So There’s a Locust Plague Too

nivek

As Above So Below
As if the World didn't have enough to deal with right now...

...
https://news.yahoo.com/massive-locust-swarm-africa-middle-144211394.html
So There’s a Locust Plague Too?

As the coronavirus continues to spread on six continents, a desert locust outbreak has inundated East Africa with hundreds of billions of bugs, causing food shortages in Kenya, Somalia, and Ethiopia. “It was like an umbrella had covered the sky,” Joseph Katone Leparole, a 68-year-old living in central Kenya, told the New York Times.

In our age of overlapping crises, it shouldn’t be a surprise that climate change can be identified as a factor in the upsurge, the technical term used for such a natural disaster that is just below plague. It began in 2018, when a pair of cyclones came in from the Indian Ocean and hit the “empty quarter” of the Arabian peninsula — the vast desert region near the borders of Saudi Arabia, Yemen, and Oman. In a speech before the African Union in February, U.N. general secretary António Guterres explained the unfortunate cycle: “Warmer seas mean more cyclones, generating the perfect breeding ground for locusts.”

“When you have rains associated with cyclones, they’re much stronger than normal,” said Keith Cressman, the senior locust-forecasting officer at the United Nations’ Food and Agriculture Organization. “When those rains fall in desert areas with sandy soil, that will flood the soil. Once those floods recede, the soil retains so much moisture that it allows desert locust females to lay their eggs probably for a period of around six months.”

From these ideal conditions, the bugs moved south into Yemen (already in a food crisis, Yemenis turned to them as a protein source) and into the Horn of Africa. The spread was rapid: A single locust can travel up to 90 miles in a day and eat its own weight in plant matter, of which there was a bounty, thanks to the excessive rains. They also turned north, across the Persian Gulf into Iran, and into India and Pakistan last summer. National emergencies have been declared in Pakistan, Jordan, and Somalia to help mobilize a response: The only effective control operation once a swarm is in motion is to spray pesticide directly on the bugs from the air.
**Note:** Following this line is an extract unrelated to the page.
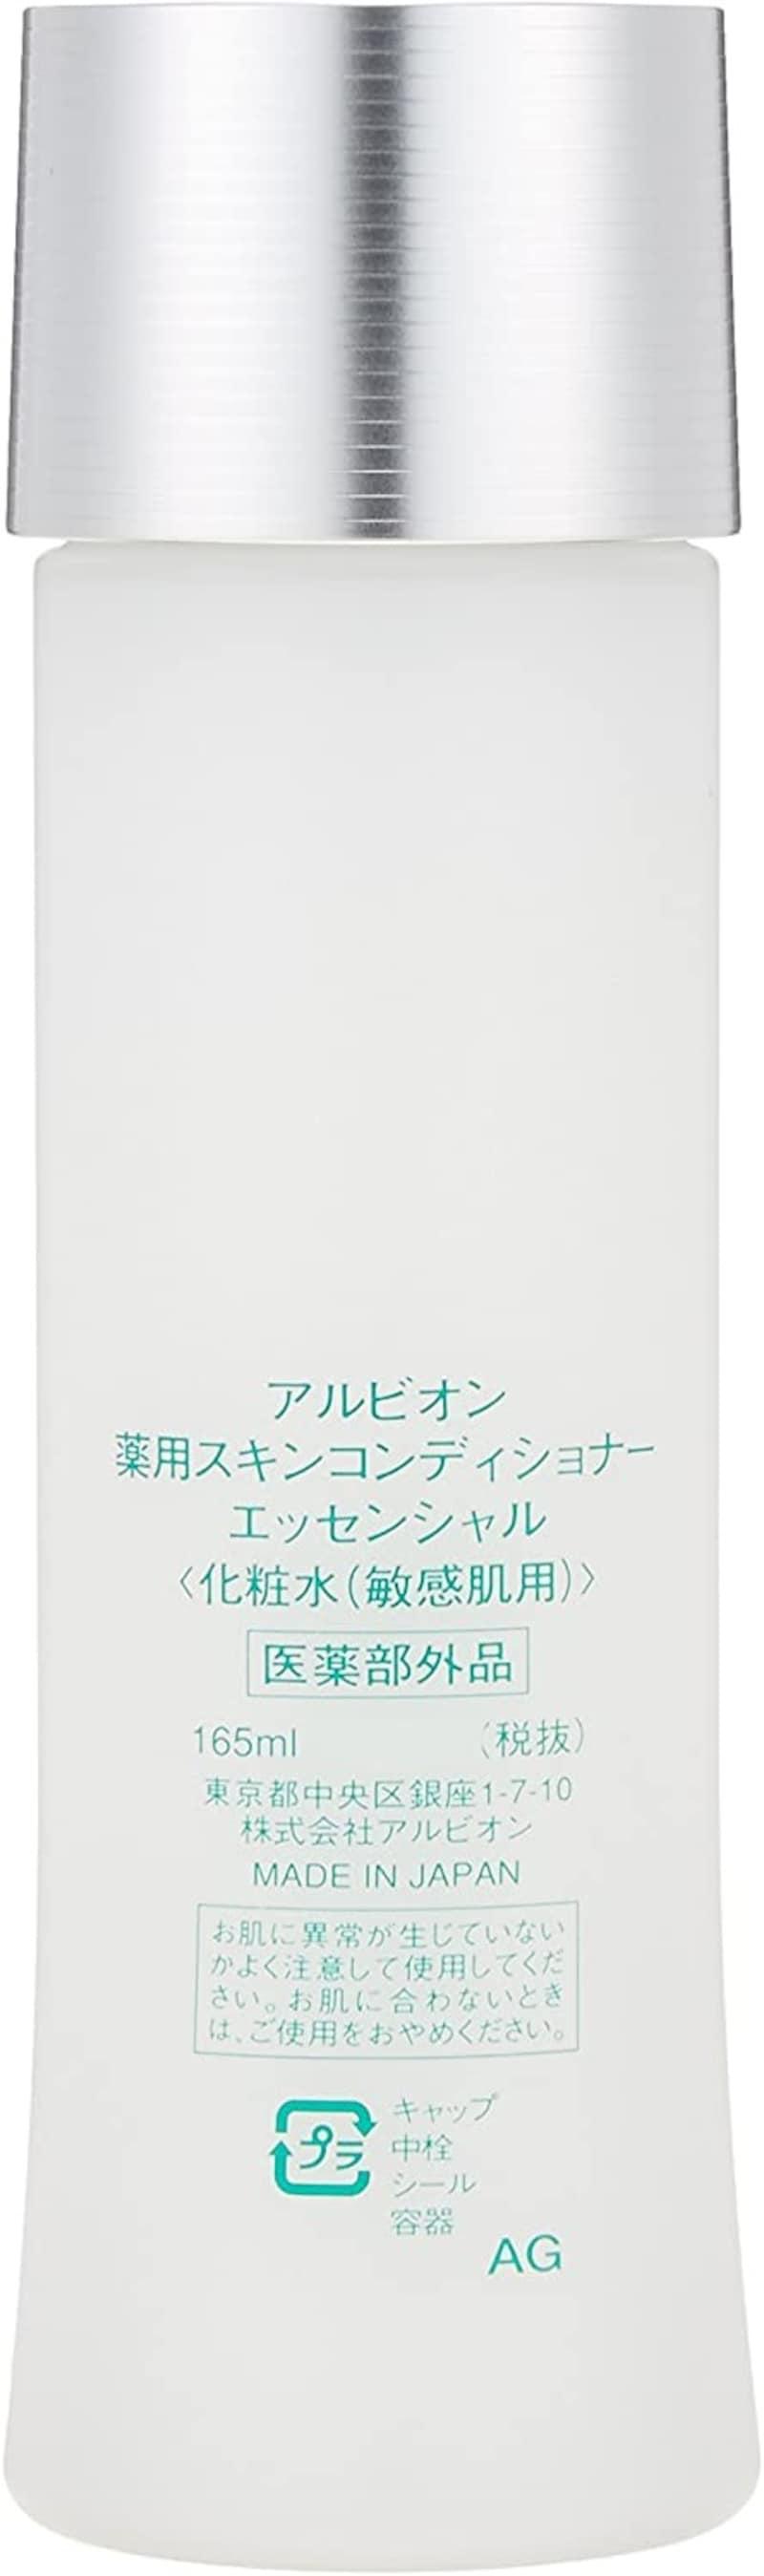 ALBION(アルビオン),薬用スキンコンディショナー エッセンシャル

To help understand the crisis, Intelligencer spoke with the FAO’s Cressman about some of the bugs’ idiosyncrasies and what to expect in the coming months.

(more on the link)

13-locusts-because-why-not.w700.h467.jpg
 

nivek

As Above So Below
Locust Swarms, Some 3 Times the Size of New York City, Are Eating Their Way Across Two Continents

As giant swarms of locusts spread across East Africa, the Arabian Peninsula and the Middle East, devouring crops that feed millions of people, some scientists say global warming is contributing to proliferation of the destructive insects.

The largest locust swarms in more than 50 years have left subsistence farmers helpless to protect their fields and will spread misery throughout the region, said Robert Cheke, a biologist with the University of Greenwich Natural Resources Institute, who has helped lead international efforts to control insect pests in Africa.

"I'm concerned about the scale of devastation and the effect on human livelihoods," Cheke said, adding that he also worried about "the impending famines."

"Despite the coronavirus pandemic, the region needs money and equipment to deploy insect control teams in the affected regions," he said.